14915 - Enchanted Scroll Decoder   

Description

Deep beneath the Grand Library of Arcanis, an apprentice mage discovers a sealed vault containing a collection of enchanted scrolls. Each scroll bears a long sequence of characters, but the true message is hidden within.

The text on each scroll is structured as follows: meaningful spell fragments are separated by a recurring magic glyph pattern. To decode the scroll, you must:

  1. Split the text at every occurrence of the glyph pattern to extract the individual spell fragments.
  2. Sort the characters within each fragment according to the ancient rules of Magical Resonance.

Important: When the glyph pattern appears consecutively (with nothing between two occurrences), or at the very beginning or end of the text, no empty fragment is produced — simply skip over them. Only non-empty fragments are kept.

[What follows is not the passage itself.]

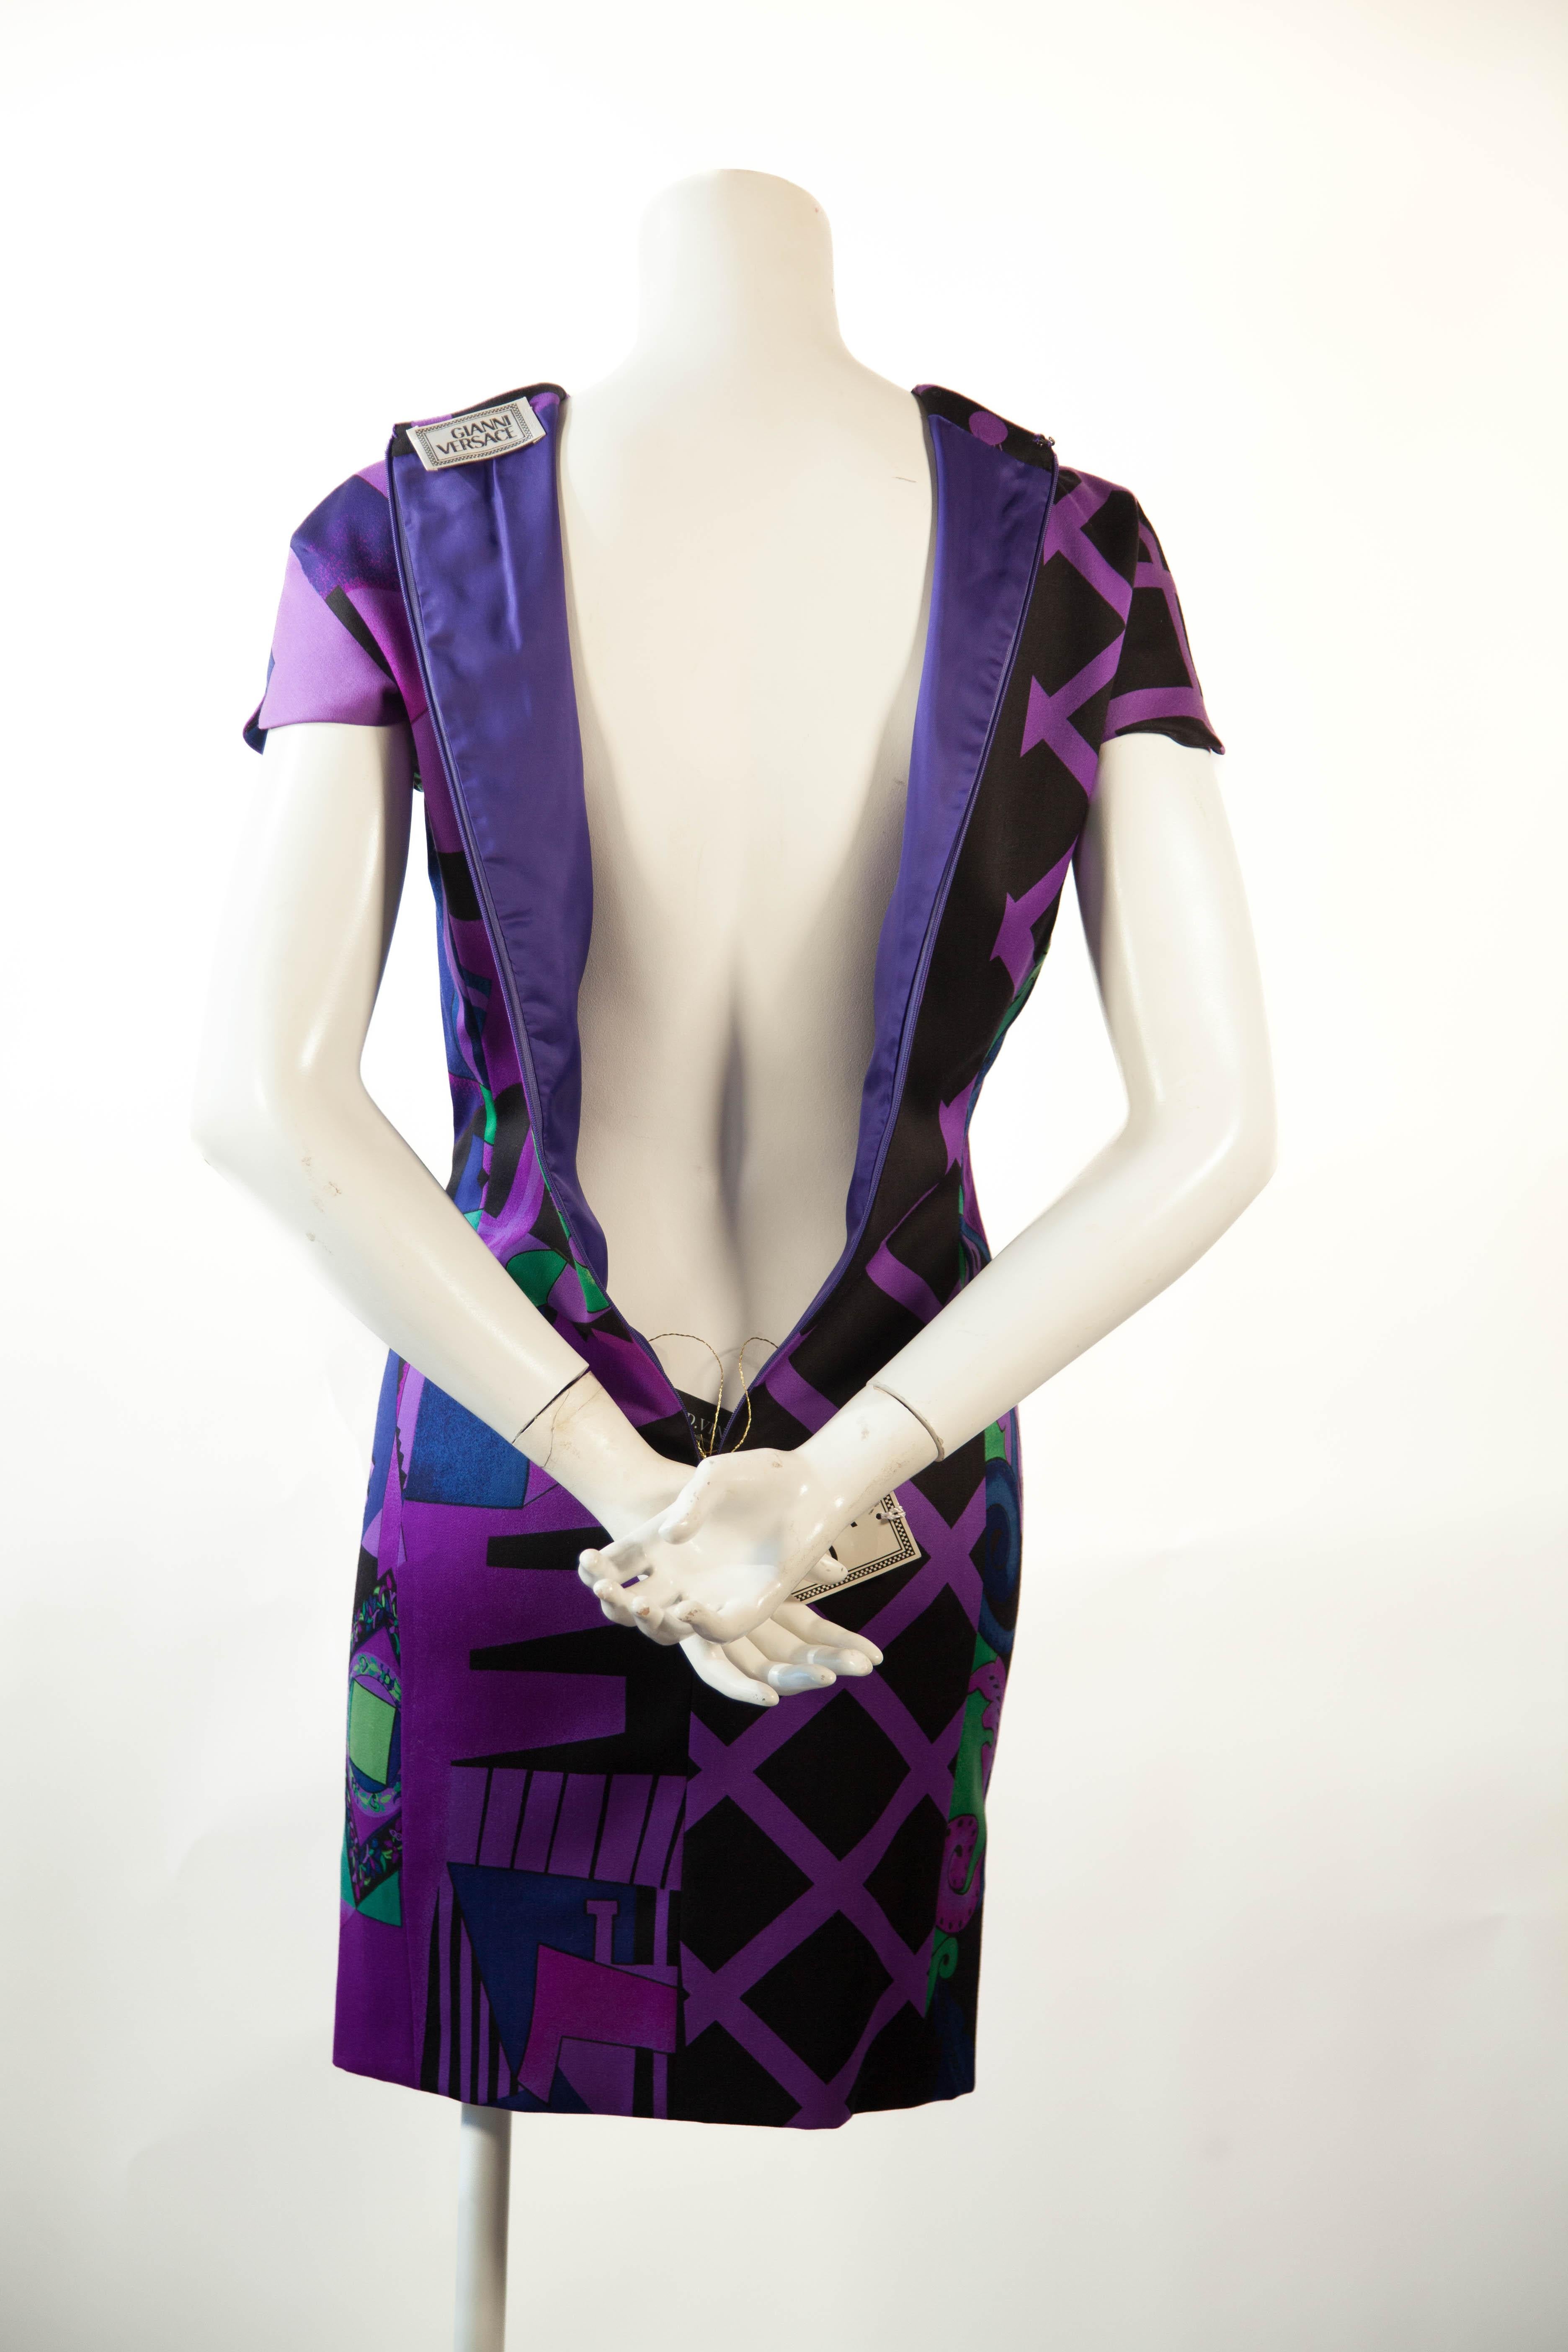 Violet Gianni Versace, robe midi en laine, violette et verte abstraite, années 1990 en vente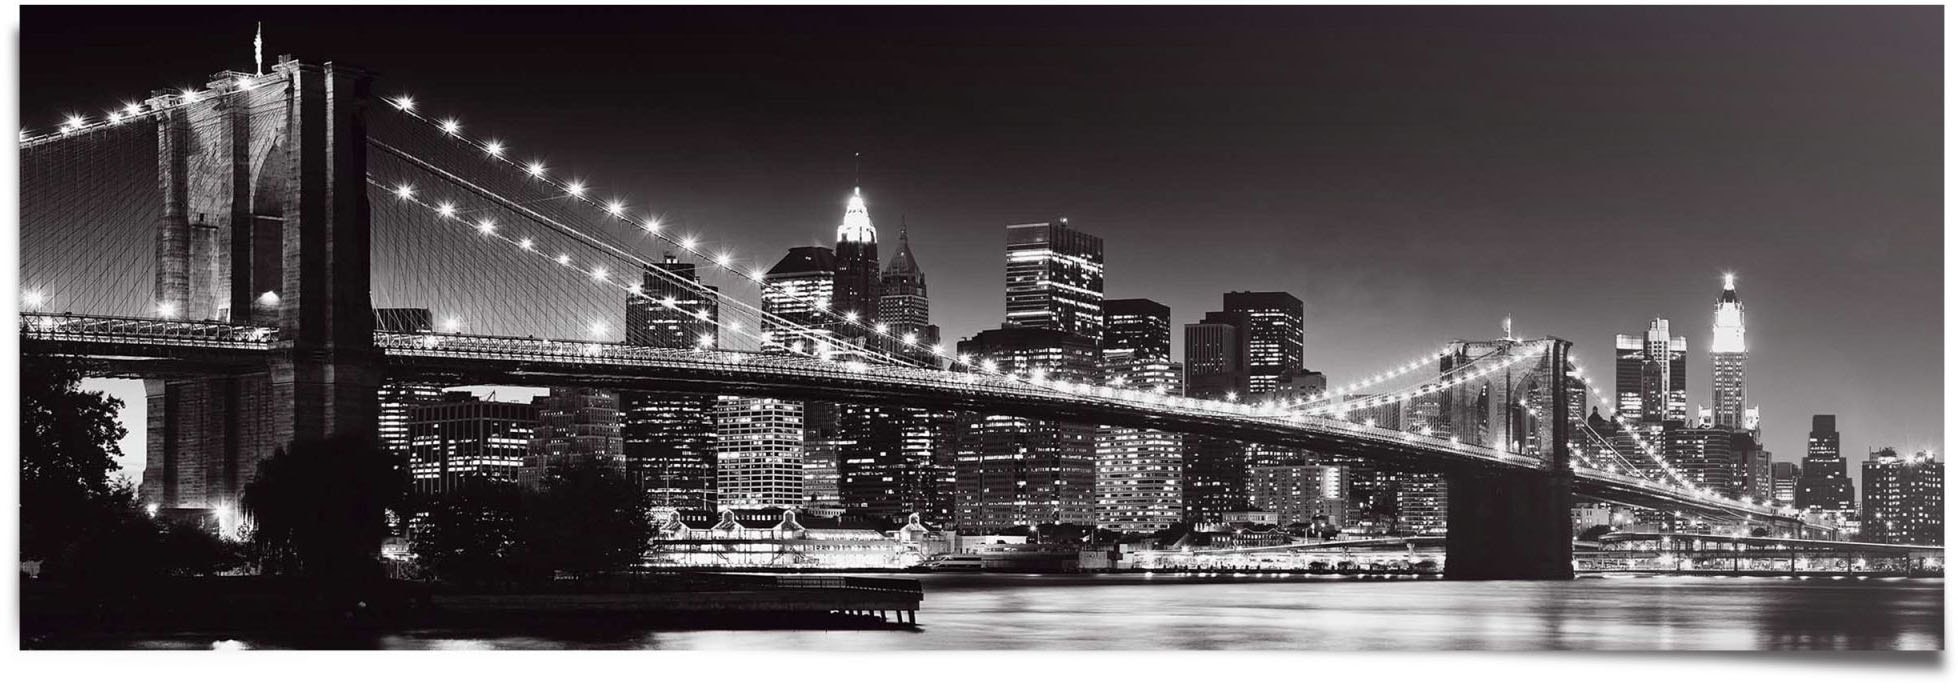 Reinders! Poster »New York Brooklyn Bridge« (1 S...

Sorting Rules (Magical Resonance Order)

Within each spell fragment, rearrange the characters according to the following rules (applied in order of priority):

  1. Frequency first: Characters that appear more frequently in the fragment come first.
  2. Type priority (same frequency): Uppercase letters (AZ) come before lowercase letters (az), which come before digits (09).
  3. Within same type and frequency:
    • Letters are sorted in dictionary order (A < B < ... < Z; a < b < ... < z).
    • Digits are sorted in increasing order (0 < 1 < ... < 9).

Example

String: MagicXScrollXAA11bbba Glyph pattern: X

Step 1 — Split: Splitting by X yields: ["Magic", "Scroll", "AA11bbba"]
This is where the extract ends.